### [INSTRUCTIONS TO FOLLOW]
The pictures get left out, but everything else in the listing below must be duplicated exactly.

*** SOURCE DATA ***

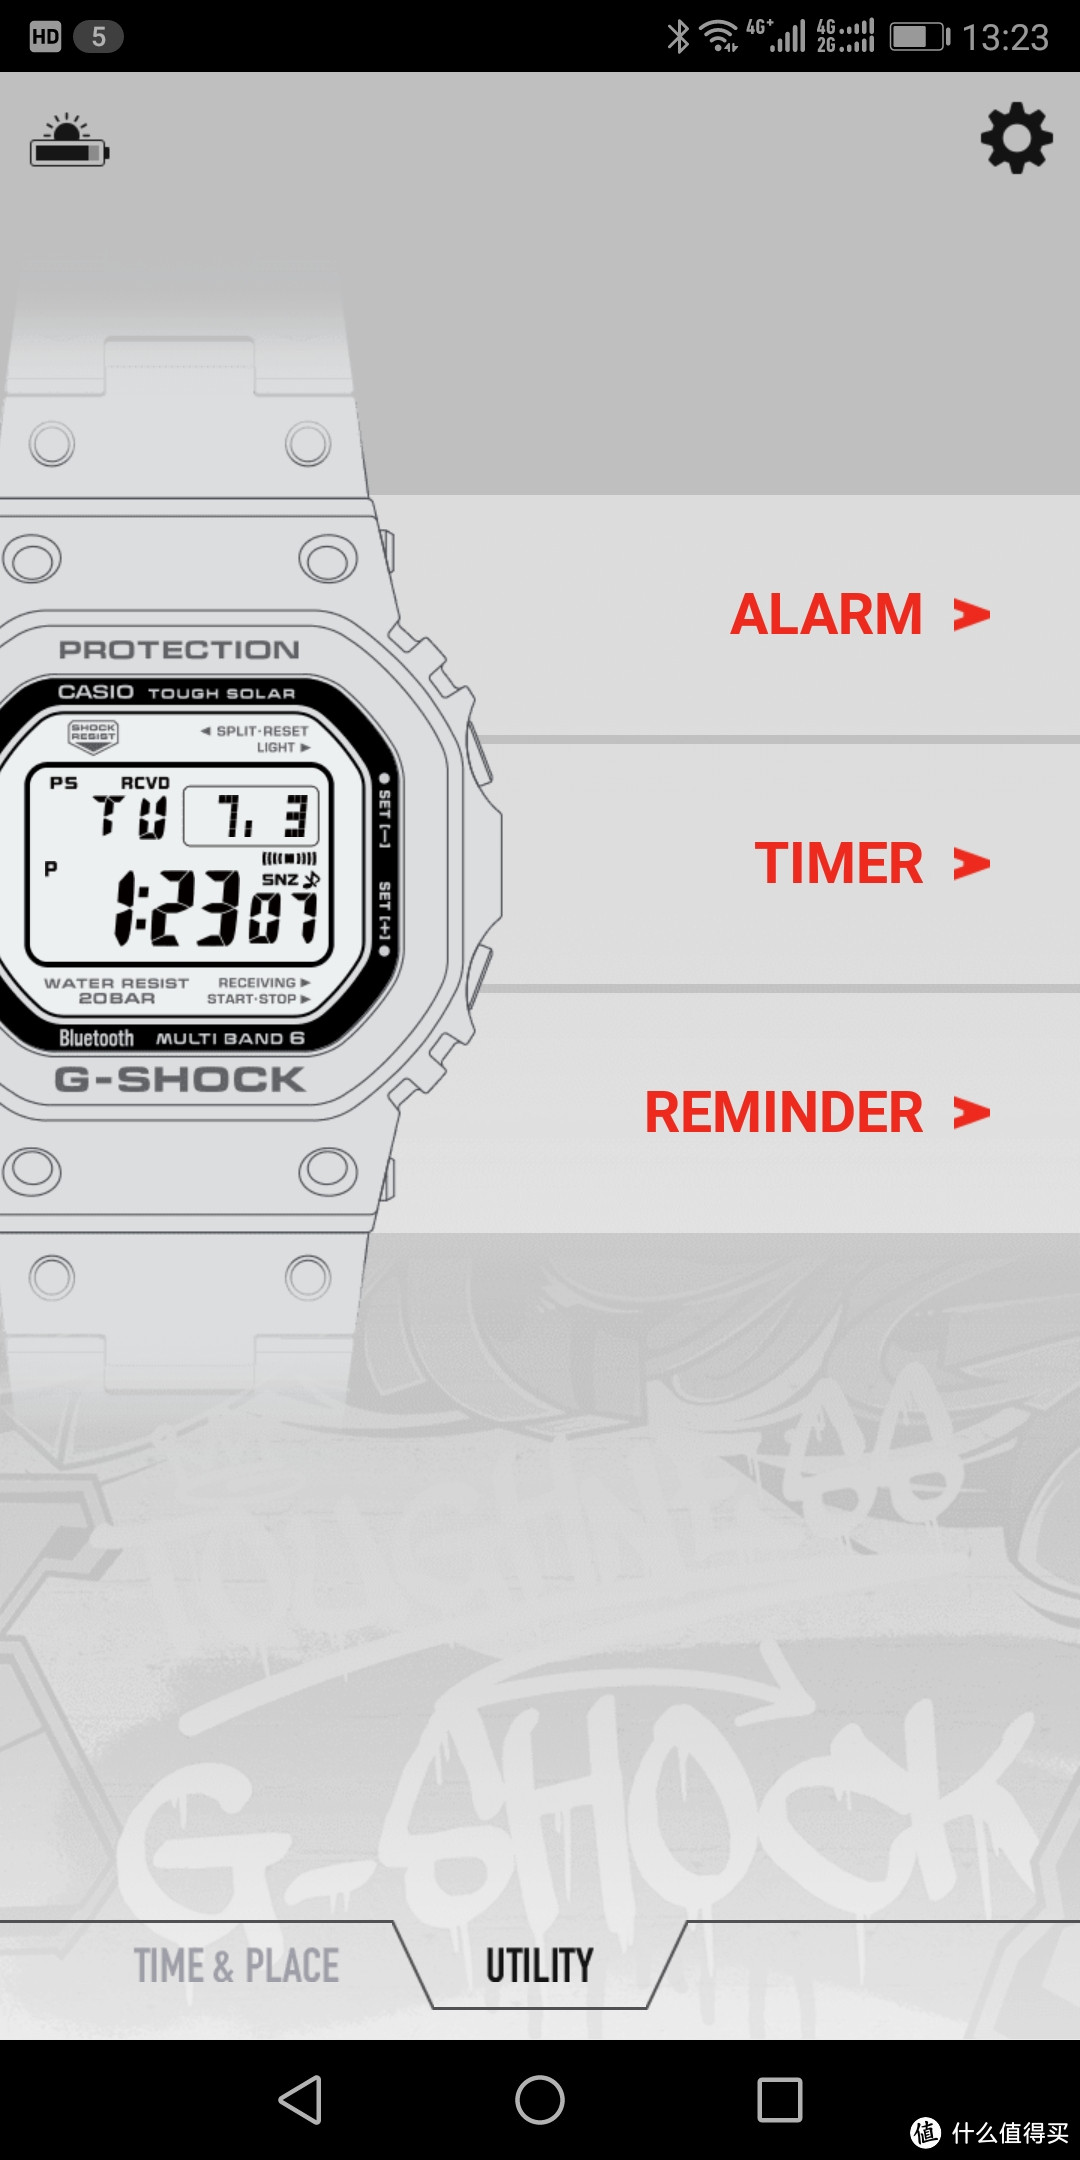 这里可以通过手机设置闹钟、倒计时、事件提醒到手表。
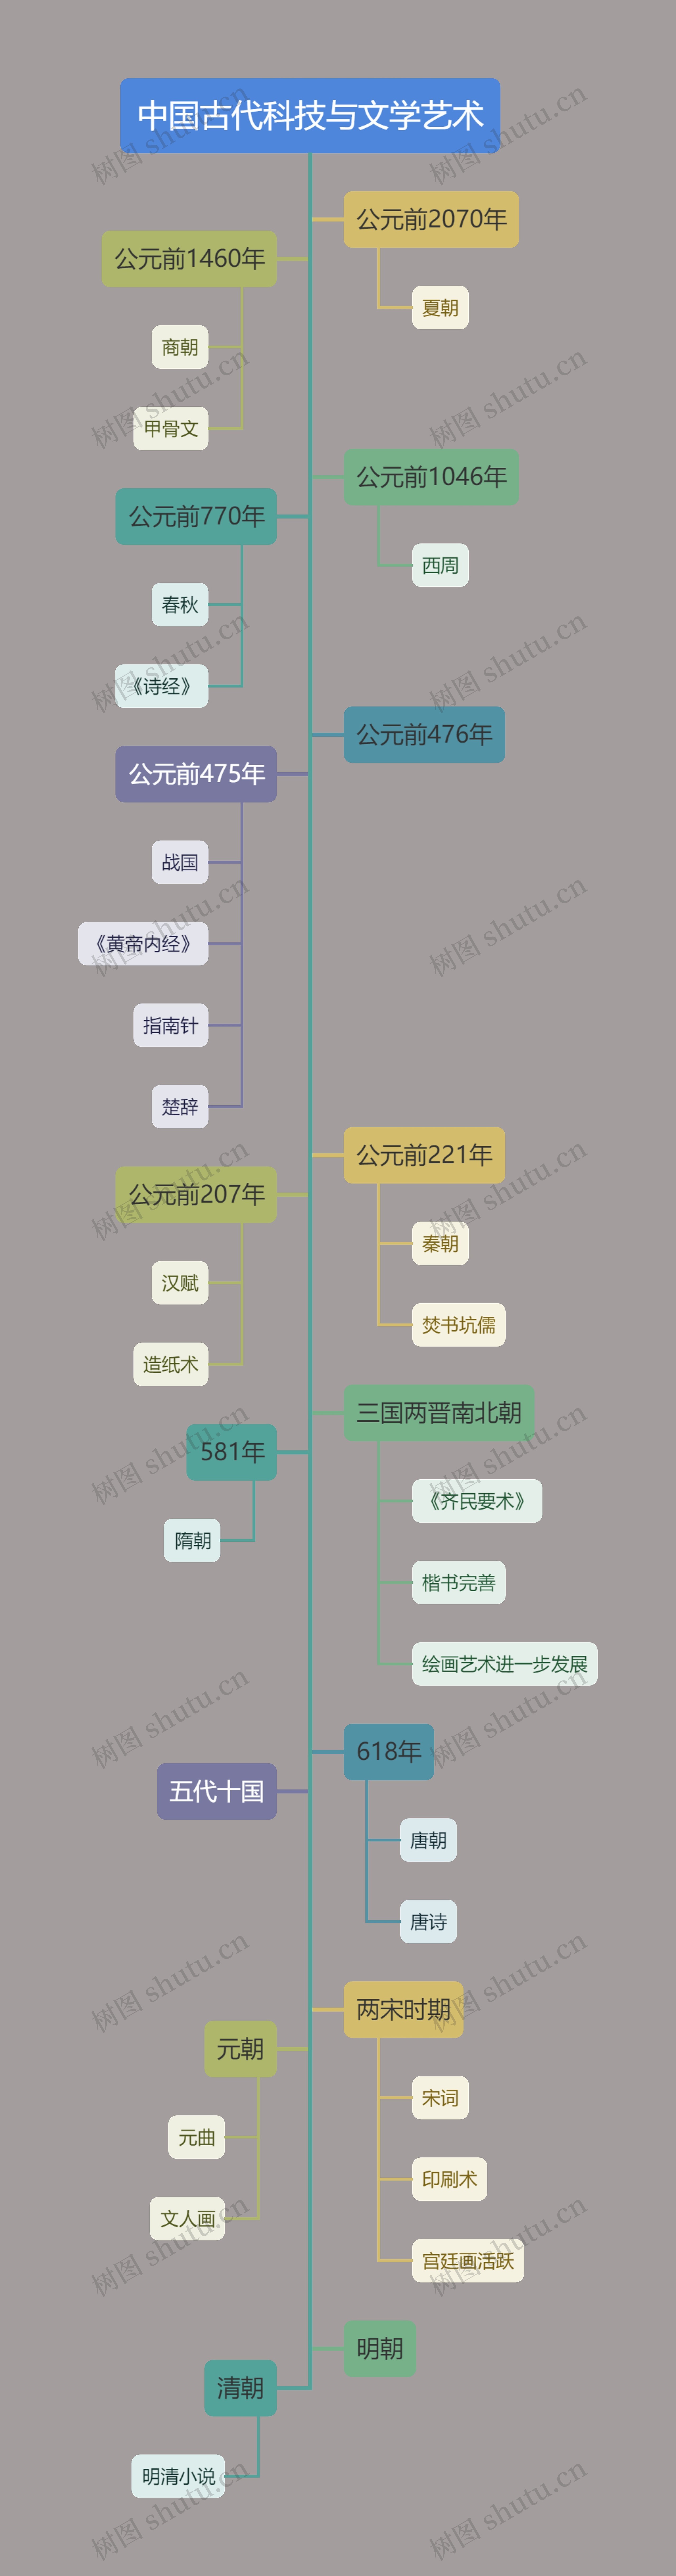 莫兰迪经典色系中国古代科技与文学艺术树状图思维导图
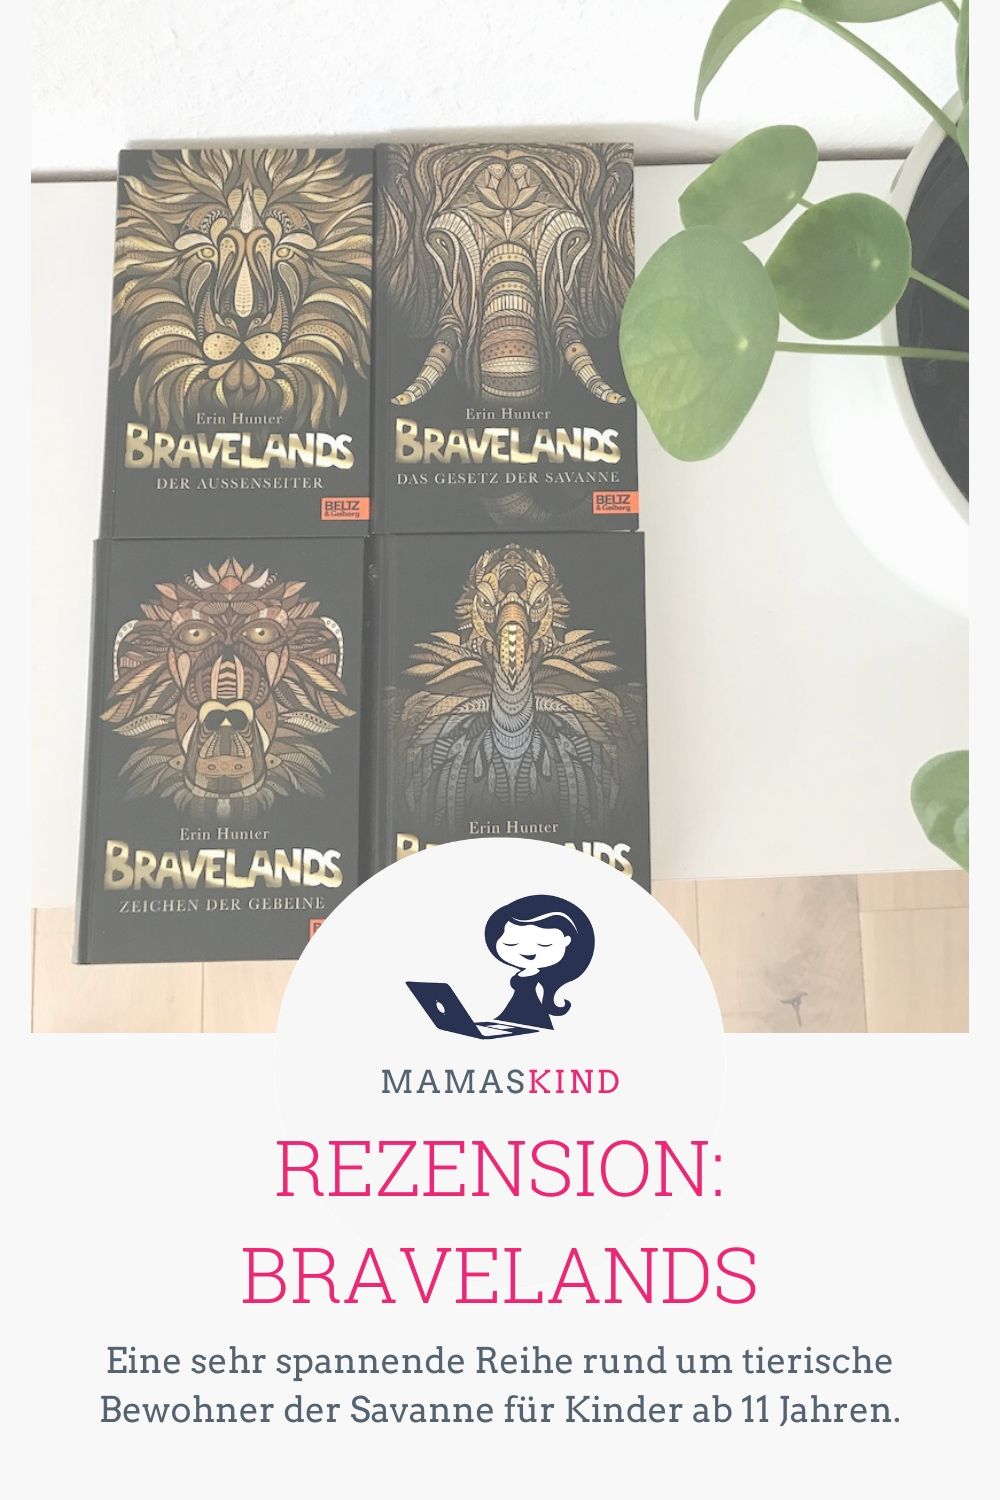 Die Bravelands-Bücher erzählen die Geschichten einzelner Savannenbewohner rund um Intrigen, Macht und den Tod. - Mehr zu den Rezensionen der Bände 1 - 4 gibt es auf Mamaskind.de

*** End of SOURCE DATA ***

### [EXPECTED ANSWER]
 这里可以通过手机设置闹钟、倒计时、事件提醒到手表。
 莫兰迪经典色系中国古代科技与文学艺术树状图思维导图
 Die Bravelands-Bücher erzählen die Geschichten einzelner Savannenbewohner rund um Intrigen, Macht und den Tod. - Mehr zu den Rezensionen der Bände 1 - 4 gibt es auf Mamaskind.de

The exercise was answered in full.